Description of the task:
Nothing but the lines from the one containing "toriel Residence Permanente" through the one containing "Tufted Tit-Tyrant - VERONICA ARAYA GARCIA", both included, should be given again, each exactly as written below.

Records provided:
--

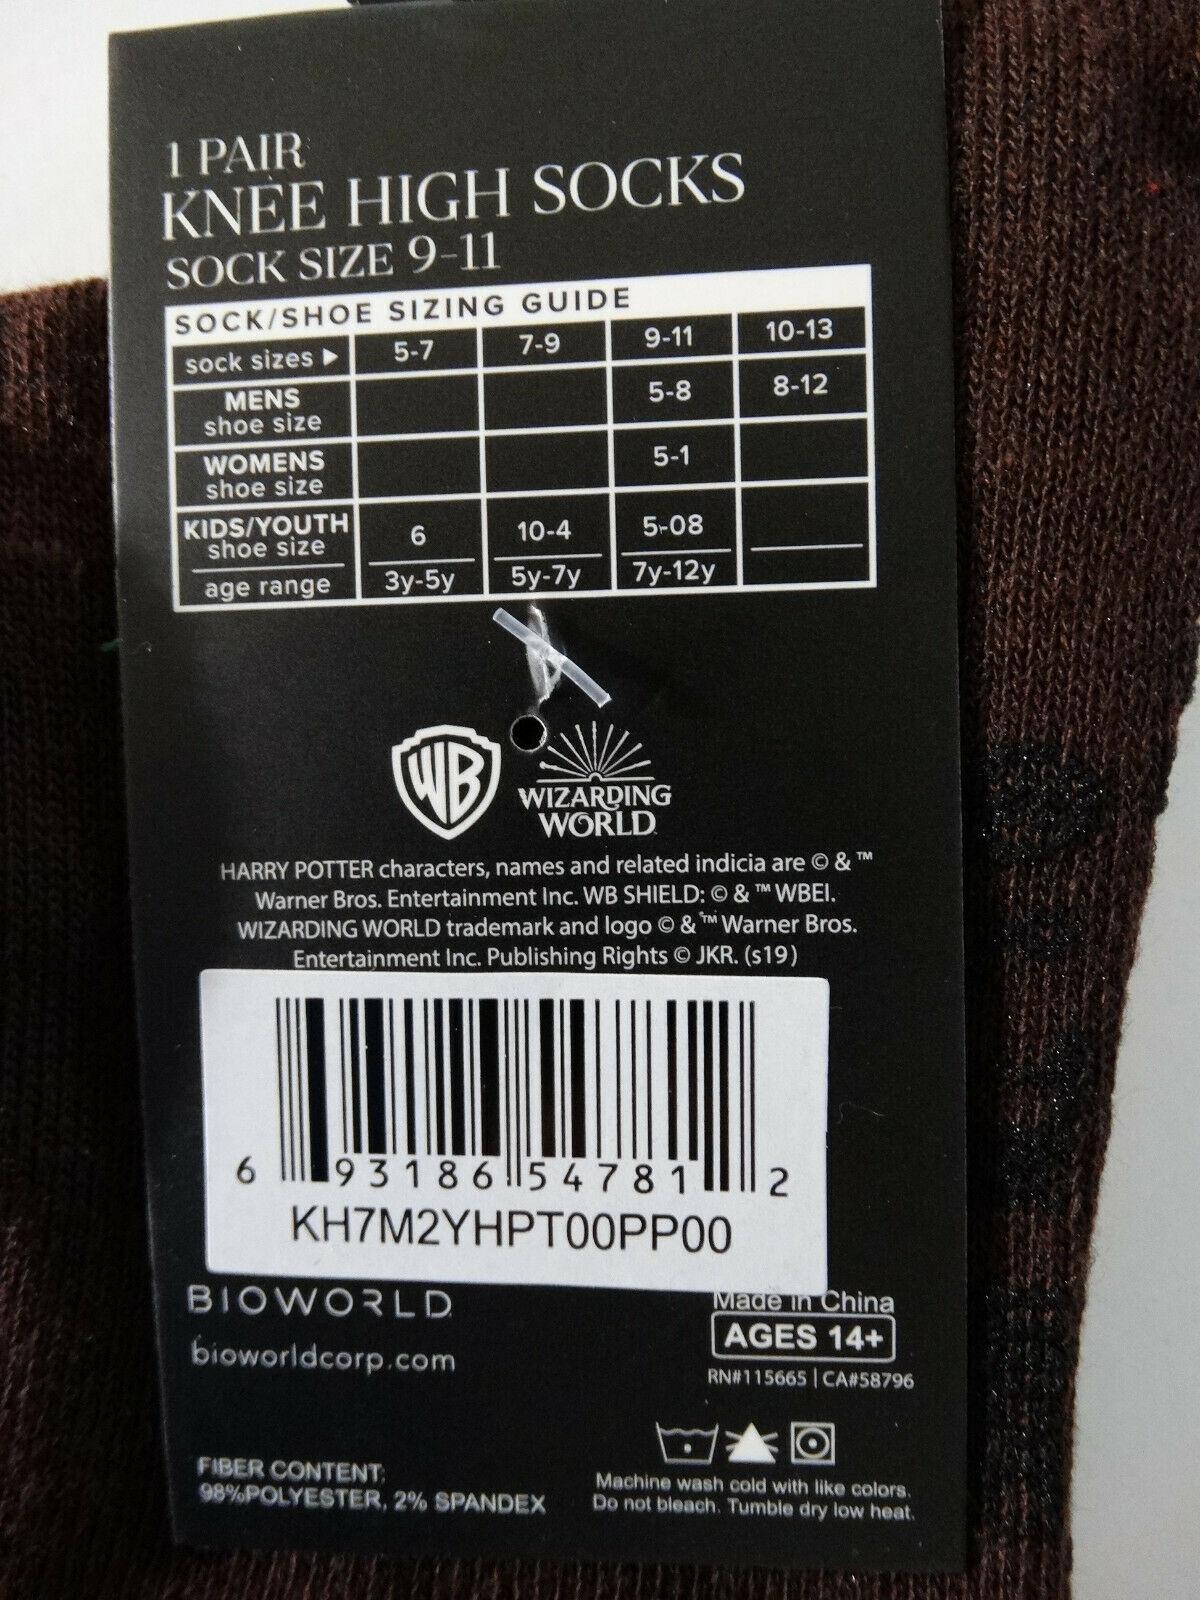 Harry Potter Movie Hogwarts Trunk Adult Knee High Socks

--

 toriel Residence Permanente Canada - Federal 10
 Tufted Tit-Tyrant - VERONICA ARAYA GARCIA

--

Exercise solution:
 toriel Residence Permanente Canada - Federal 10
 Tufted Tit-Tyrant - VERONICA ARAYA GARCIA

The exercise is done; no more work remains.